Y de pronto, ¡el odio!
Sí, el, odio, la desesperación de hacia el alguacilillo. Aquel alguacilillo –nunca era el mismo– que me visitaba siempre y me decía en el patio de cuadrillas: ‘De parte de la autoridad, que no se olvide usted, que no puede echar pie a tierra’.
“–Vámonos, Ruy, vámonos que no puedo más –le suplicaba entonces a mi querido maestro.
“Mas surgían las buenas palabras de los amigos: ‘Tengamos paciencia’, me repetía Marcial.
“Y don Ignacio Vázquez se apresuraba a escribirme: ‘Llega a mis oídos que hablas de irte a América si no te dejan torear a pie. Quiero repetirte lo que tantas veces te he dicho: eso es un disparate.
‘Tus rabietas, porque no te conceden tan pronto como esperabas, no pueden hacerte perder el buen sentido.’
“Y Cayetana me ponía un P.S. en su carta: ‘Rezaré para que te dejen torear a pie’. Y yo me daba por vencida… Tenía tan buenos amigos.
“Para distraerme, iba con ellos al campo y toreaba a pie… a pie… a pie. Cayetana, en cambio, ansiaba por torear a caballo.
“Con el permiso que un día logramos de su padre, pasó a ir conmigo al campo, y montando a Maravilla saboreó la suerte de banderillear a caballo… Nuestra amistad floreció en esos días.”
***
“Un día, estando muy triste y desolada, apareció en mi vida la figura notable del general Varela, dueño y señor de dos laureadas.

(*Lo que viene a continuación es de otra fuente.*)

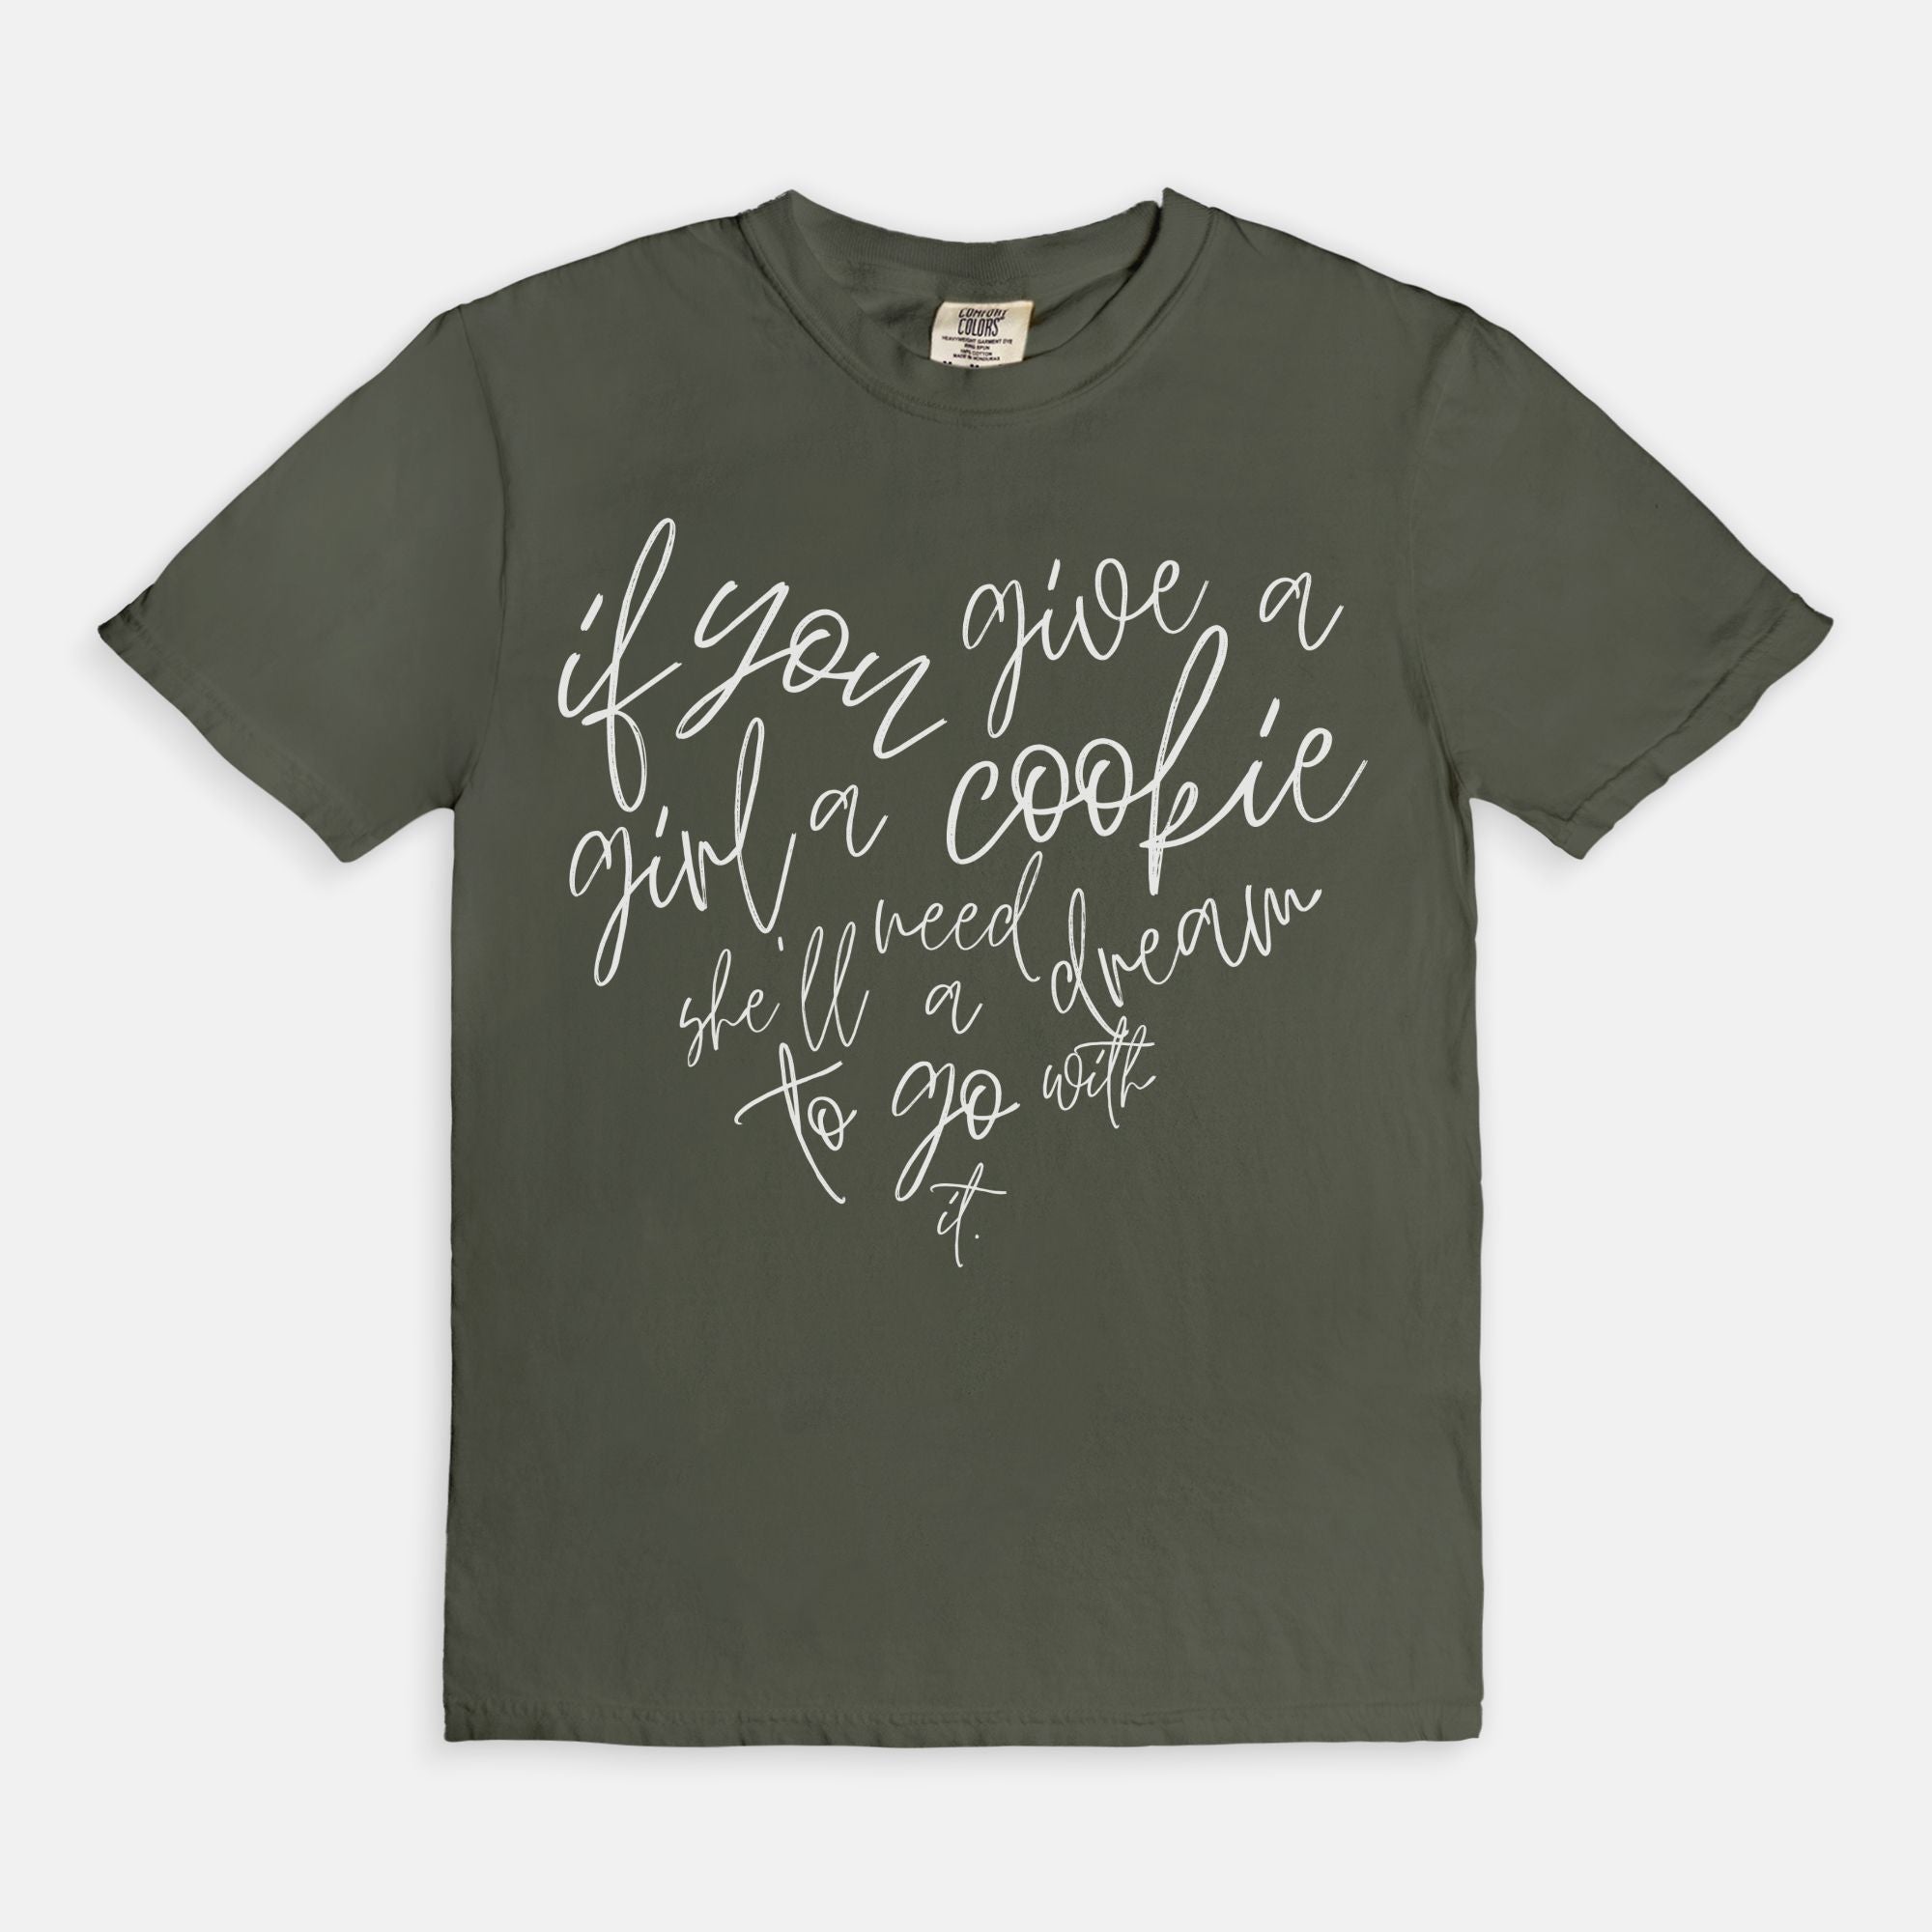 If you give a girl a cookie, she'll need a dream to go with it tee

‘Si quiere torear a pie en Ceuta –le dijo a Marcial–, yo se lo permito.
“Se firmó un contrato y cogimos el primer avión.”
***
“Aquella visita que hicimos a Marruecos fue, del principio al fin, un cuento de Las mil y una noches”.
“Entramos en Tetuán, en el coche del general, después de los toros. Era una noche de luna. Aquí y allí se veían callecitas estrechas cubiertas de parras, que de íntimas parecían más pasillos entre cuartos amigos. Siluetas raras aisladas o formando grupos, se juntaban en los umbrales de las puertas.

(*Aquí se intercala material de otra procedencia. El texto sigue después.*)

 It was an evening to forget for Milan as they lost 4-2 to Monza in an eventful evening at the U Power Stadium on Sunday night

“En una esquina hervía una olla. Junto a ella sentábase en el suelo, rodeado de hierbas raras, un hombre de grandes barbas y tremendo y sucio turbante. Los reflejos de las llamas le daban un aspecto extrañísimo. Pasaron dos mujeres, cual fantasmas. Las telas ondulantes disfrazaban la delicadeza de sus rostros y andares.
“En una plaza, destacándose en la noche estrellada, surgió frente a nuestros ojos el palacio del jalifa y, junto a él, iluminado por inmensos faroles escondidos entre ramas y palmeras, el palacio del alto comisario de España en Marruecos, general Varela.
“Nos abrió la puerta un moro “Moreno de verde luna’, vestido de Alí-Babá. El patio, sus arcos y mosaicos, la fuente y el blancor de las gruesas paredes fueron preámbulo fantástico de un salón en cuya puerta estaban, cual columnas de la Alhambra, dos hermosos guardas moros. Entramos en el gran recinto con armónicas ventanas árabes y muebles del mismo estilo y vimos, sentados en el suelo, sobre ricas almohadas, a su alteza real el jalifa de Marruecos, al general Varela, a su preciosa mujer, a don Gregorio Corrochano y a varios invitados.
“Cenamos con un criado enorme detrás de cada silla. ¡Debían ser guerreros fantásticos! Qué bien les caían, sobre su porte de casi dos metros, los ricos trajes que usaban: fajas coloradas, pantalones bombachos, anchas mangas de seda fina, botas y puños de cuero trabajado. Se lo dije al general y éste me explicó que él y su mujer habían idealizado los trajes copiando grabados muy antiguos. Luego me contó el curioso motivo del lujo que nos rodeaba.
“Un día –era entonces el general un joven teniente– anunció su llegada a Ceuta el conde de Romanones. El joven teniente preparó, durante una semana, a sus soldados, con el fin de que supieran apreciar bien la importancia de la distinguida visita.
“–¿Más que un gran visir? –indagaban, curiosos, los soldados.
“–¡Más que un gran visir! –confirmaba el teniente Varela a sus hombres.
“Cuando apareció el conde de Romamones, vestido con un sencillo traje blanco y un viejo sombrero Panamá y además montado en un burro, el teniente mal pudo contener la indignación de sus soldados.